Erstellt am 30. Juli 2011, 09:48

Neue Kompetenzen für Volksanwaltschaft geplant. Die Volksanwaltschaft soll künftig auch menschenrechtlichtliche Prüfungen vornehmen. Diese Ausweitung der Kompetenzen ist in der abgelaufenen Begutachtung des entsprechenden Gesetzesentwurfes des Bundeskanzleramtes grundsätzlich auf einhellige Zustimmung gestoßen. Es gibt aber auch Bedenken, ob die Betrauung der Volksanwaltschaft mit dieser Aufgabe in der Praxis greift.

Die Volksanwaltschaft soll künftig auch menschenrechtlichtliche Prüfungen vornehmen. Diese Ausweitung der Kompetenzen ist in der abgelaufenen Begutachtung des entsprechenden Gesetzesentwurfes des Bundeskanzleramtes grundsätzlich auf einhellige Zustimmung gestoßen. Es gibt aber auch Bedenken, ob die Betrauung der Volksanwaltschaft mit dieser Aufgabe in der Praxis greift.

In Zweifel wurde u.a. gezogen, ob die für menschenrechtliche Fragen noch wichtigere politische Unabhängigkeit der Volksanwälte ausreicht, zumal sie von den drei mandatsstärksten Parteien im Parlament nominiert werden.
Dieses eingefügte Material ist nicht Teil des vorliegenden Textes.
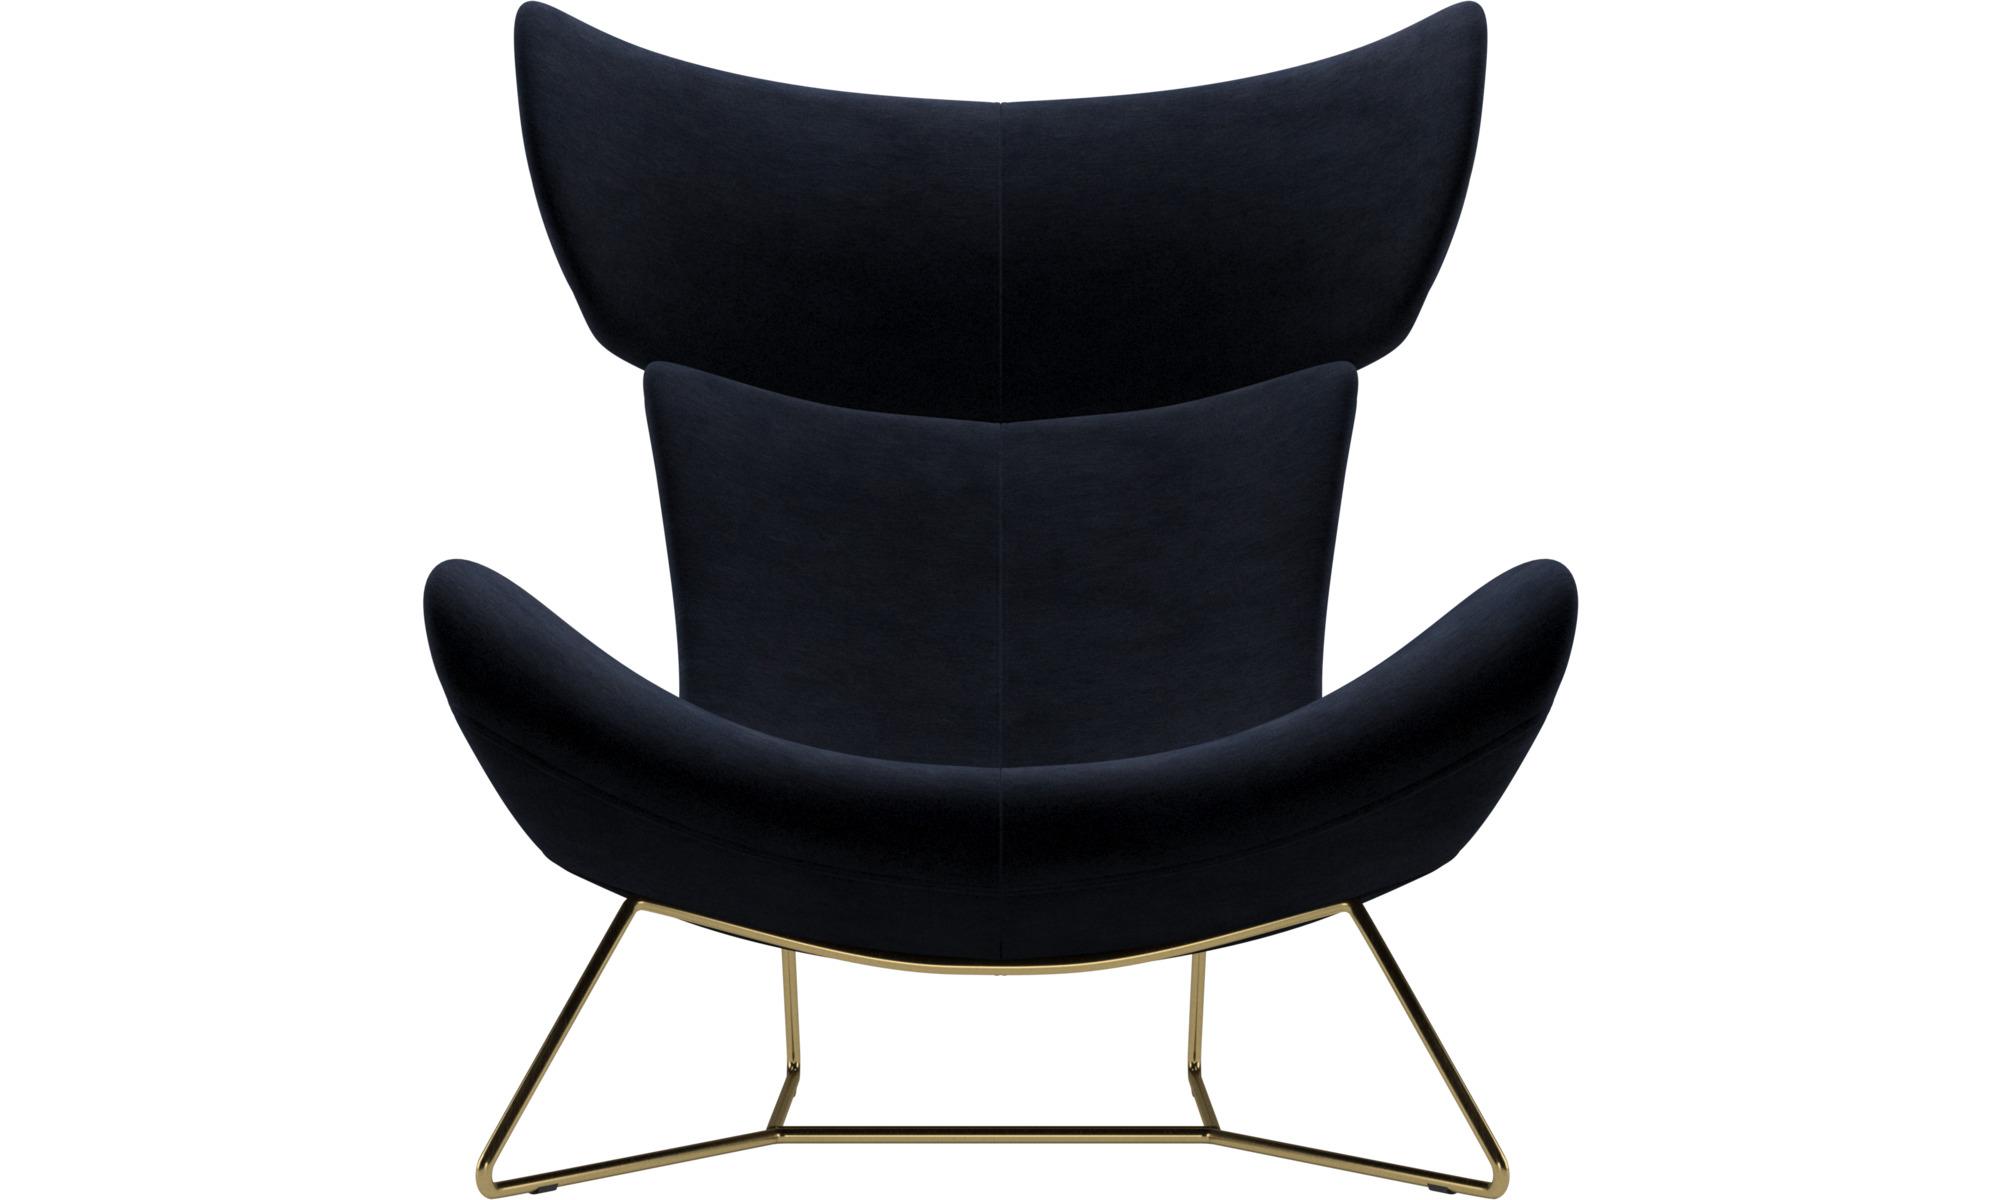 fotele fotel imola boconcept. Black Bedroom Furniture Sets. Home Design Ideas

Die derzeitige Vorsitzende der Volksanwaltschaft, Gertrude Brinek, zeigte sich gegenüber einer etwaigen Änderung des Bestellungsmodus offen, sie will aber dem dafür zuständigen Parlament dafür keine Ratschläge erteilen.

Mit der geplanten Verfassungsgesetznovelle soll die Volksanwaltschaft ab 1. Juli 2012 überall dort, wo Menschen festgehalten werden, unangemeldete Kommissionsbesuche durchführen dürfen. Dabei sollen sowohl öffentliche wie private Einrichtungen kontrolliert werden. Unter Orten der Freiheitsentziehung werden aber nicht nur Straf- oder Untersuchungsanstalten, sondern auch Pflege, Alters- oder Behindertenheime sowie Psychiatrien, Kasernen oder Einrichtungen der Jugendwohlfahrt verstanden. Als Beratungsorgan soll der derzeit im Innenministerium angesiedelte Menschenrechtsbeirat zur Volksanwaltschaft übersiedeln.
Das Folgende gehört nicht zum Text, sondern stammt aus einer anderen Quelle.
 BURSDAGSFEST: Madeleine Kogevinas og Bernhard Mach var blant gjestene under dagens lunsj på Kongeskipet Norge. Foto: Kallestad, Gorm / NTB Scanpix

In den Prüfungsverfahren soll es der Volksanwaltschaft möglich sein, Angehaltene oder Ankunftspersonen ohne Beisein Dritter zu befragen. Ihre Wahrnehmungen, Missstandsfeststellungen oder Empfehlungen soll die Volksanwaltschaft jederzeit im National- oder Bundesrat deponieren können. Danach ist deren Veröffentlichung vorgesehen. Mit dem Einsatz der Volksanwaltschaft für menschenrechtlichen Prüfungen wird der vom Zusatzprotokoll zur UN-Anti-Folter-Konvention, kurz OPCAT, geforderte "Nationale Präventionsmechanismus" (NPM) umgesetzt. OPCAT wurde von Österreich bereits 2003 unterzeichnet.